Good Contract programming idiom?

Norbert Nemec Norbert at Nemec-online.de
Thu Mar 4 02:12:35 PST 2010


That sounds pretty much like putting your application authors under 
tutelage (great word - just found it in the dictionary... :-) )

Writing a library that other can use, you should always assume that they 
are mature and responsible beings. The contracts explicitly tell the 
application author their responsibilities. Checking the contracts 
provides a safety net for the application author. If the author decides 
to deactivate this safety net, you should allow them to do so.

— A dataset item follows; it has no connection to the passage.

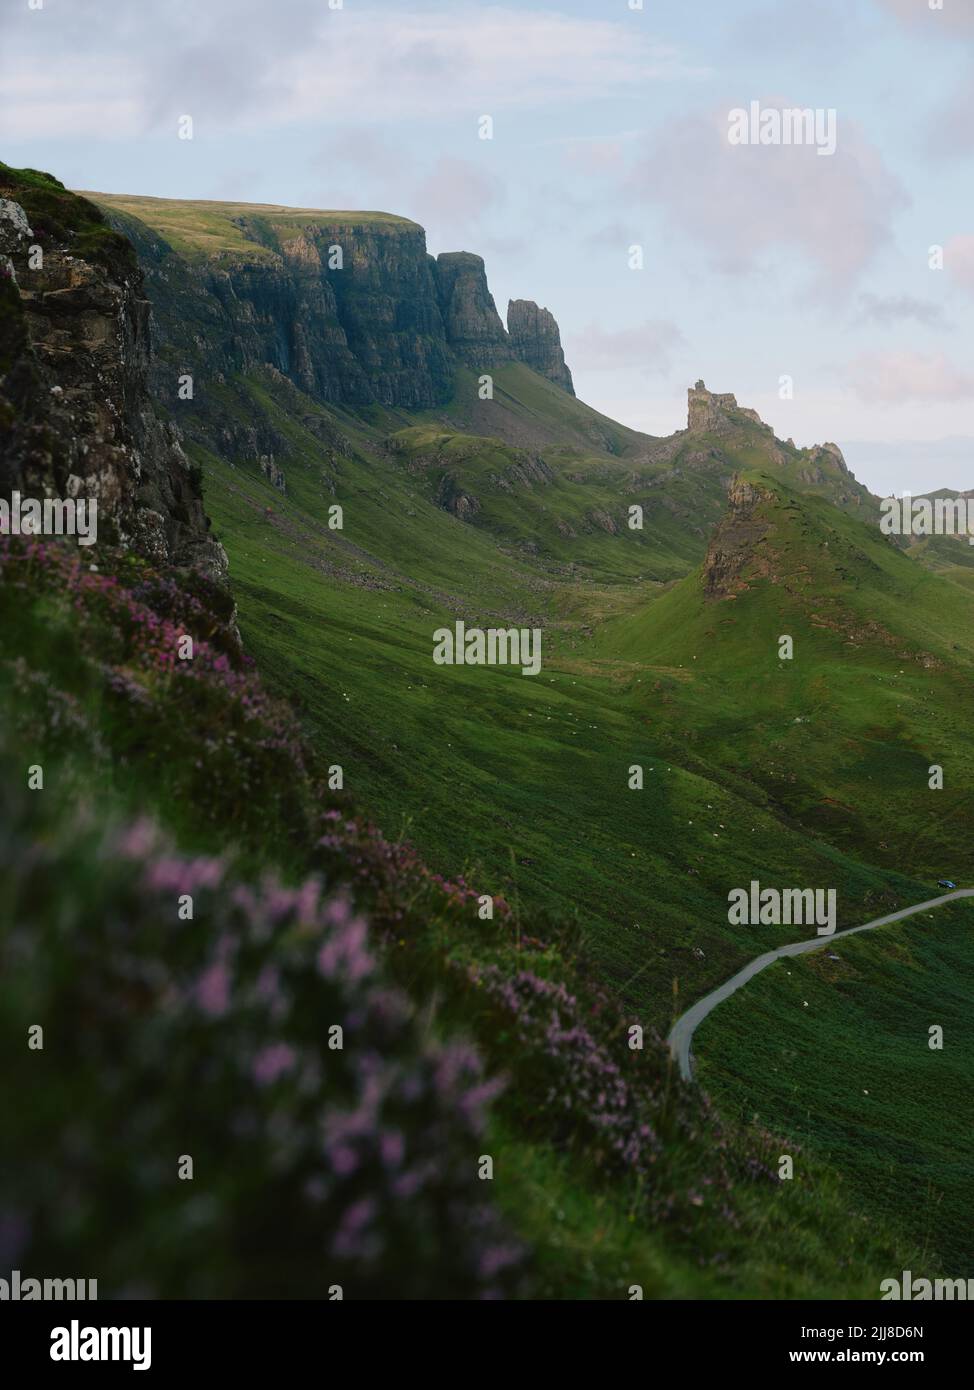 El corrimiento de tierra de Quiraing, cara oriental de Meall na Suiramach, cumbre más al norte de la cordillera Trotternish, isla de Skye, Escocia - paisaje de verano Foto de stock

Ultimately, the language provides everything that would allow a compiler 
to offer fine-tuned switching of checks. It should be straightforward to 
implement an option to activate only checks of public contracts between 
libraries, but this decision should be up to the application programmer 
who is responsible that the whole package works as it should.

After all: The whole D language is built on the concept of providing 
professional tools for responsible programmers. If someone decides to 
shoot himself in the foot, at least give him a quality gun that allows 
him to aim properly!




Lionello Lunesu wrote:
> You make a good point, but there's one problem I have with this.
> 
> I'm looking at this as a library writer. I can write in-contracts with
> assertions, but I would not feel comfortable with only assertions, since
> I know they will not get compiled in a release build of the library.
> 
> So in a release build I don't want anything weird to happen when wrong
> arguments are passed to my library function. This can only be prevented
> by throwing run-time exceptions, right?